Разорвался пенный рот.
Алым пламенем горя,
Переплавился язык!
Раздаются вопли, визги,
Будто режут всех свиней.
Гуманоиды в небесах
Услыхали о «правах»!..
Я в своих сапогах-говнодавах
Выйду на тебя, Мировая печать,
Чтобы плюнуть в продажные очи —
Владыке умов и вращения Земли!
Если привяжутся ко мне товарищи Пришельцы,
— Мировая печать? Что за еда? —
Отвечу с полынной горечью во рту:
— Это ежедневный бокал цикуты
в нашем земном гадюшнике!
Из тьмы веков пришла я в «Просвещение»
[24],
Чтоб сражаться за каждый луч солнца над головою.
Природа не одарила меня слухом к симфонии крепостного права. Степь вскормила меня гордым полетом орлов в счастливой небесной синеве. Смертельно тоскую по земле своей пуповинной!
Там в благостном ясном небе мои степные орлы взлетают выше вертолетов, споря духом с железными стрекозами.
Орел и орлица сажают птенцов на спины, поднимаются к солнцу на вершину самой рискованной выси над всеми животрепещущими крыльями и кувыркаются — кидая орлят — затем падают камнями, ловя их на лету! Так орлята парят, кружатся в привольной коронной вышине, в гибельном восторге учатся летать.
Вот что высшее благо! И если в мире осталось Богополье — оно там, где могучие корни гордых орлов.
Как простился я со сварою тюремною до гроба,
Пил и пью мед свободы допьяна, как родник!
Но нет нигде желанного покоя,
Как странен мир — словно разуто сердце…
Я весь в крови, и нет опоры в мире,
С головою белою, как снег, мать моя рыдает!

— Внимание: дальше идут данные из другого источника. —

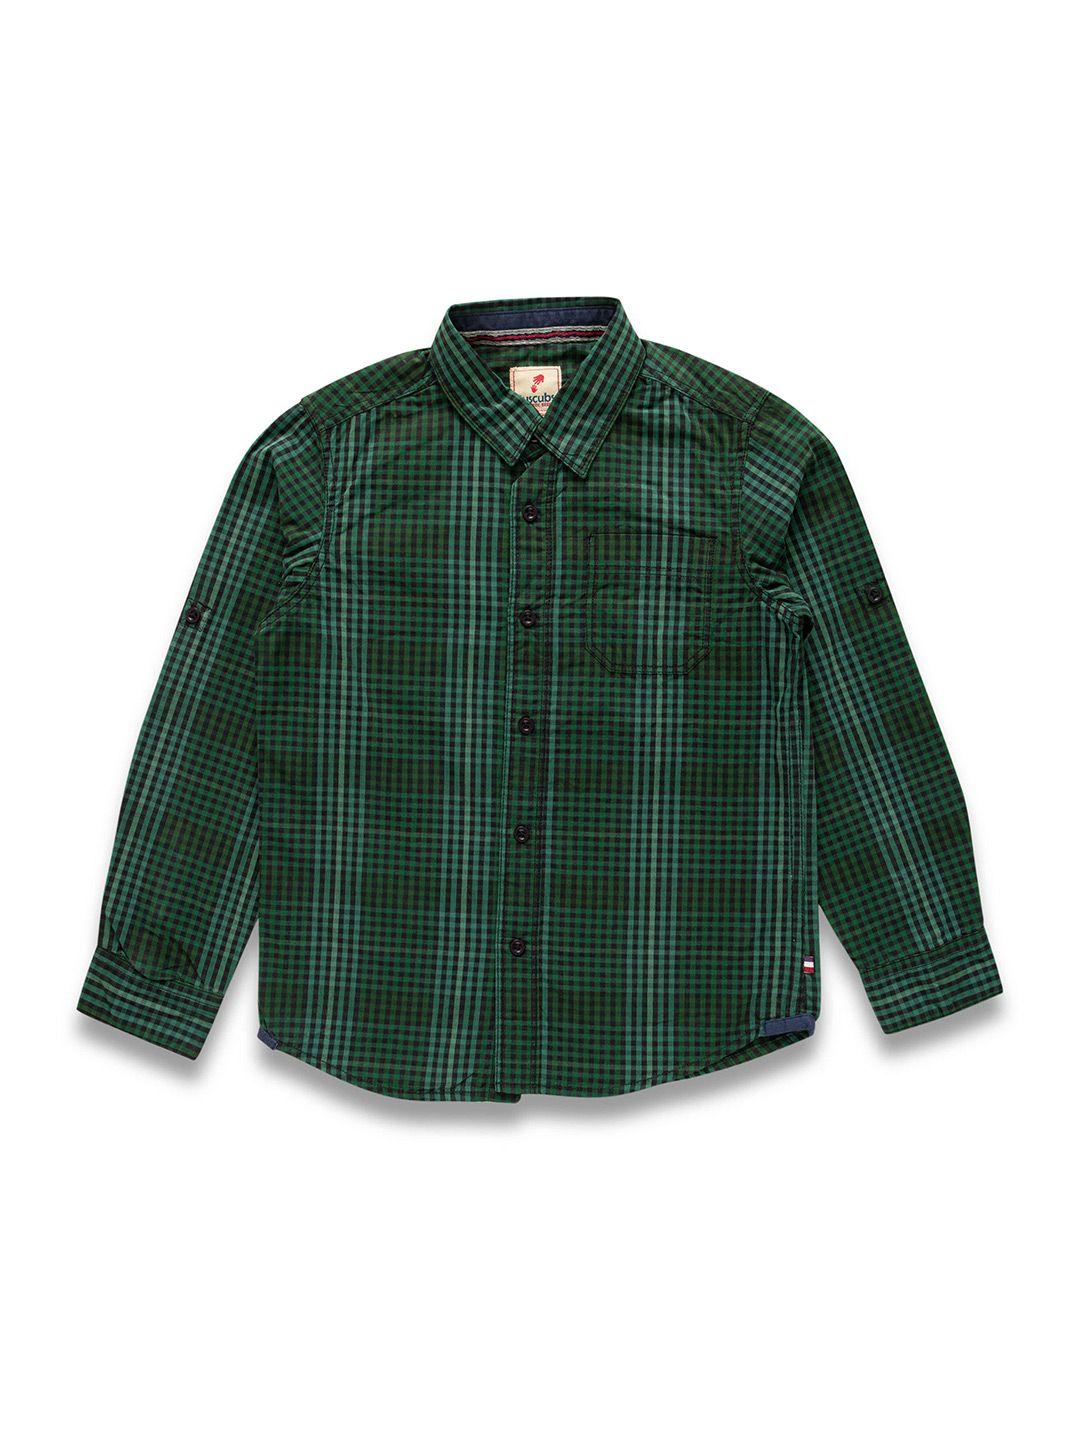 juscubs boys green premium tartan checks opaque checked casual shirt

Тебя шершавыми руками отшлифую
Мадонною Будды беломраморною,
Чтоб к ногам твоим головою прислоняться,
Я доверял тебе больше, чем себе!
А должен жить с дочерьми и с женою,
Вернулся к ней после адских мук, ошибок
Через тринадцать лет разлуки новым мужем,
Дочери милые соединили отца и магь.
Ты знаешь, где-то сын жертвы подрастает,
Некий парень Павел Васильчук
Без матери, без отца кем он станет?
Ведь когда-то я должен парня разыскать,
Иначе струсил и сам себе не мил…
Вот кто может грех мне отпустить.
О, сколько бился лбом об стальные стены,
Чтоб выйти на роковую встречу с ним!..
Да, я вновь в крови горячей и живой,
Кровь из сердца жертвы хлещет в пузырях,
Глаза, лицо и руки нечем утереть!
Ужас смертного вскрика колет сердце током,
И весь в крови малец кричит над трупом!
И страшно мне дожить остаток жизни грешной,
Нынче в дробь стучат железные зубы,
А иглы в сердце вонзаются насквозь.
Чем унять не дрожь в паху, а дрожь костей?!
О, почему с занесенным ввысь ножом
Гром небесный не сразил меня на месте том?!